In the past, iVillage has achieved cost reductions through increased
managerial efficiencies and several expense reduction initiatives targeted at
certain expenses, including without limitation, reduced advertising, reduced
lease commitments, targeted staff reductions and reduced company employee
benefit plan costs.

In February 2003, iVillage announced an expense reduction initiative
with the goal of reducing annualized costs by up to $10.0 million. To date,
iVillage has recognized and/or achieved approximately $8.5 million of these
savings, primarily through the renegotiation of iVillage's New York real estate
lease and contracts with third-party vendors, as well as employee staff
reductions.

24


Based on current internal projections, iVillage no longer expects to be
able to maintain a cash balance at December 31, 2003 comparable to its cash
balance at December 31, 2002, primarily due to previously incurred or
anticipated cash expenditures relating to the renegotiation of iVillage's New
York real estate lease, certain investments in iVillage's infrastructure,
research initiatives, and other restructuring costs. Despite the short-term
negative impact of these expenditures on iVillage's cash balance, iVillage
believes that these costs improve iVillage's long-term liquidity outlook by
contributing to revenue growth opportunities and significantly reducing
annualized operating expenses.

Additionally, IVPN currently broadcasts The Newborn Channel and The
Newborn Channel-Spanish to most participating hospitals via satellite. This
satellite is scheduled to go offline at the end of 2004. IVPN is currently
exploring the conversion of participating hospitals from the satellite
television network broadcast to an in-hospital digital delivery system. iVillage
anticipates that the subscription fees to be received from the hospitals will
cover the cost of the new equipment required by the conversion.
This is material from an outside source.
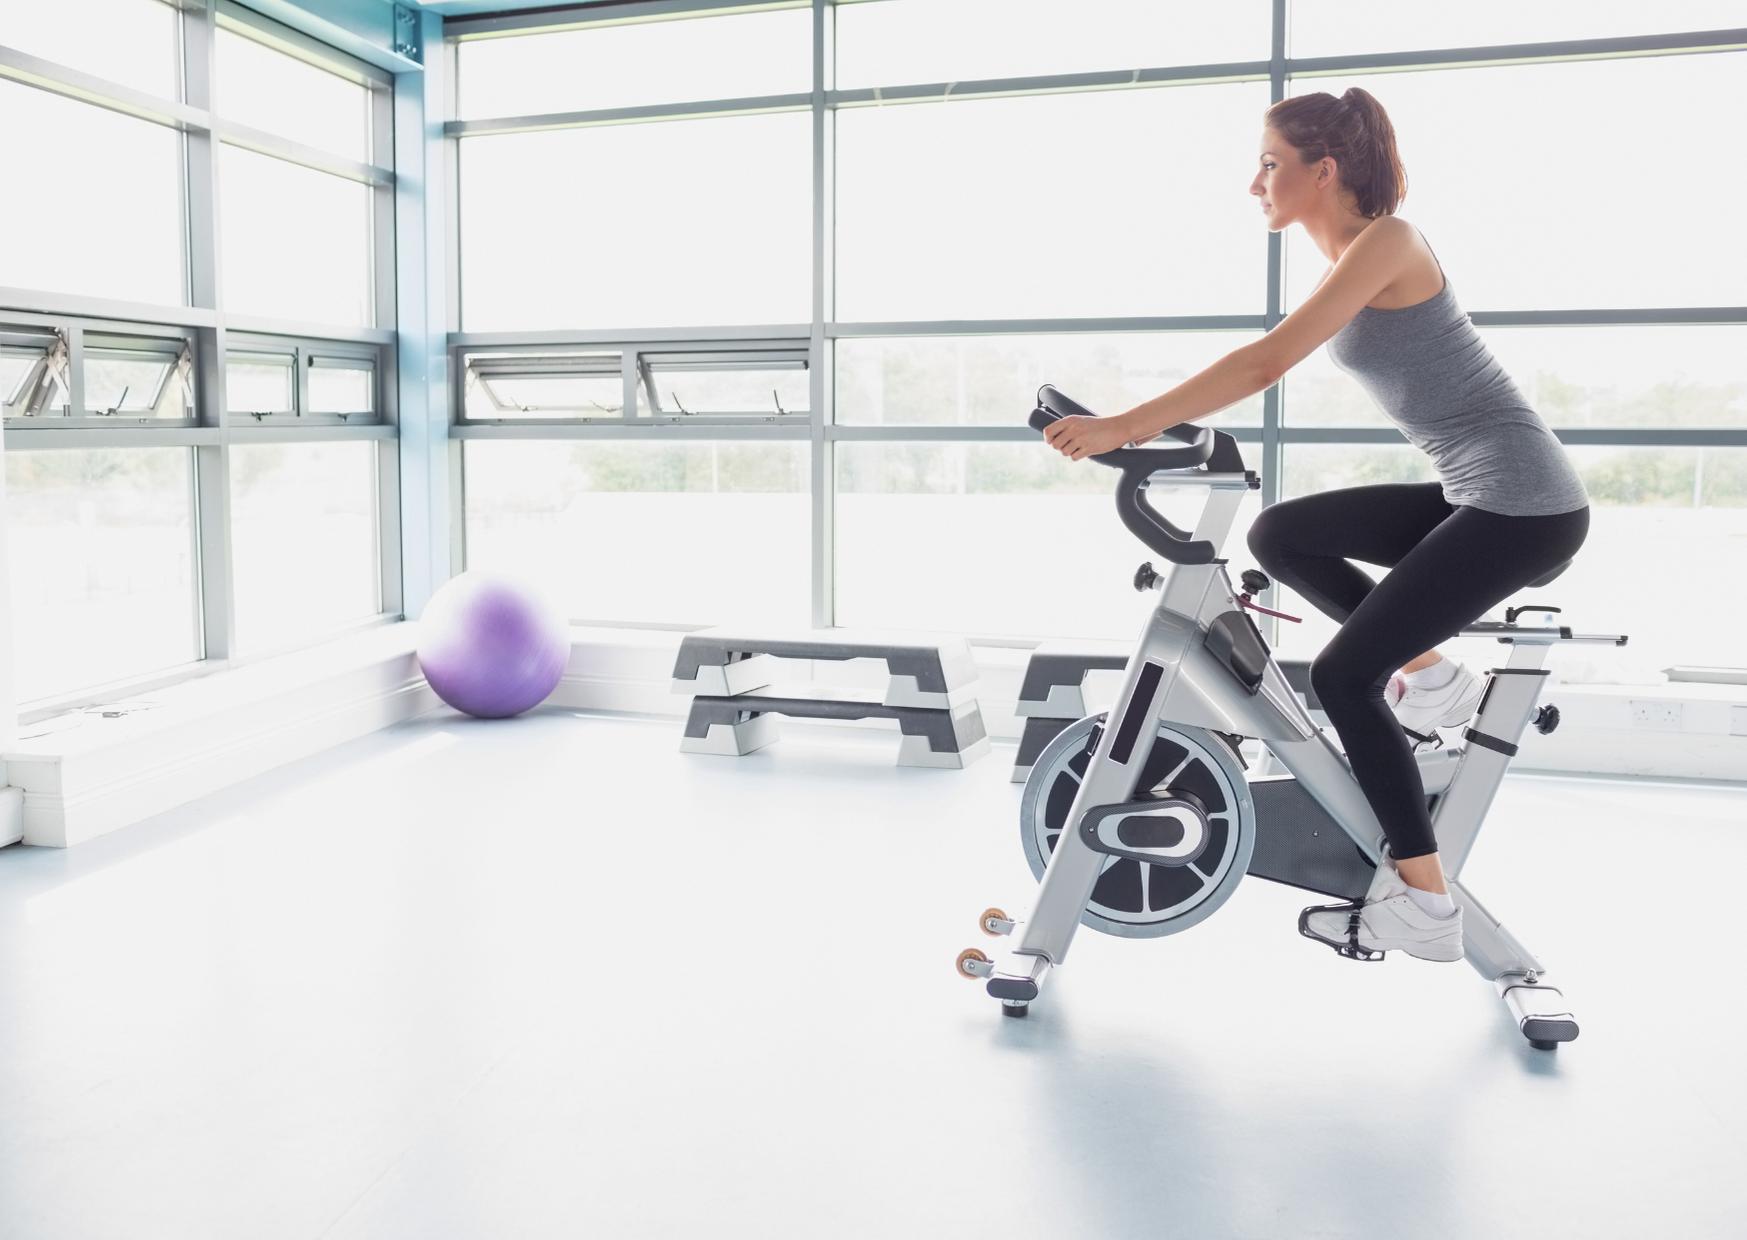 Women Exercise using bike

Net cash used in operating activities increased to approximately $1.7
million for the three months ended September 30, 2003, from approximately $1.2
million for the comparable period in 2002. Net cash used in operating activities
increased to approximately $6.1 million for the nine months ended September 30,
2003, from approximately $5.8 million for the corresponding period in 2002. The
increase in net cash used in operating activities for the nine months ended
September 30, 2003, compared to the comparable period in 2002, was primarily due
to an increase in net loss less adjustments, an increase in prepaid rent and a
lower inflow of cash from accounts receivable of approximately $6.0 million,
$3.7 million and $1.8 million, respectively. These amounts were offset by a
larger decrease in accounts payable and accrued expenses in 2002 of
approximately $7.6 million and a larger utilization of restricted cash and other
assets in 2003 of approximately $3.7 million, primarily due to the surrender of
restricted cash to the landlord in consideration of iVillage's lease
renegotiation.

Net cash used in investing activities was approximately $0.3 million
and $0.4 million for the three and nine months ended September 30, 2003,
respectively. This compares to net cash used in investing activities of
approximately $1.1 million and $1.7 million for the three and nine months ended
September 30, 2002, respectively. The overall decrease in net cash used in
investing activities for the nine months ended September 30, 2003 compared to
the comparable period in 2002 resulted from cash received in connection with the
revised license agreement with Tesco of approximately $0.6 million in 2003 and
cash paid for the acquisition of Promotions.com in 2002 of $0.9 million, offset
by higher fixed asset and intangible asset purchases in 2003 of approximately
$0.1 million and $0.2 million, respectively.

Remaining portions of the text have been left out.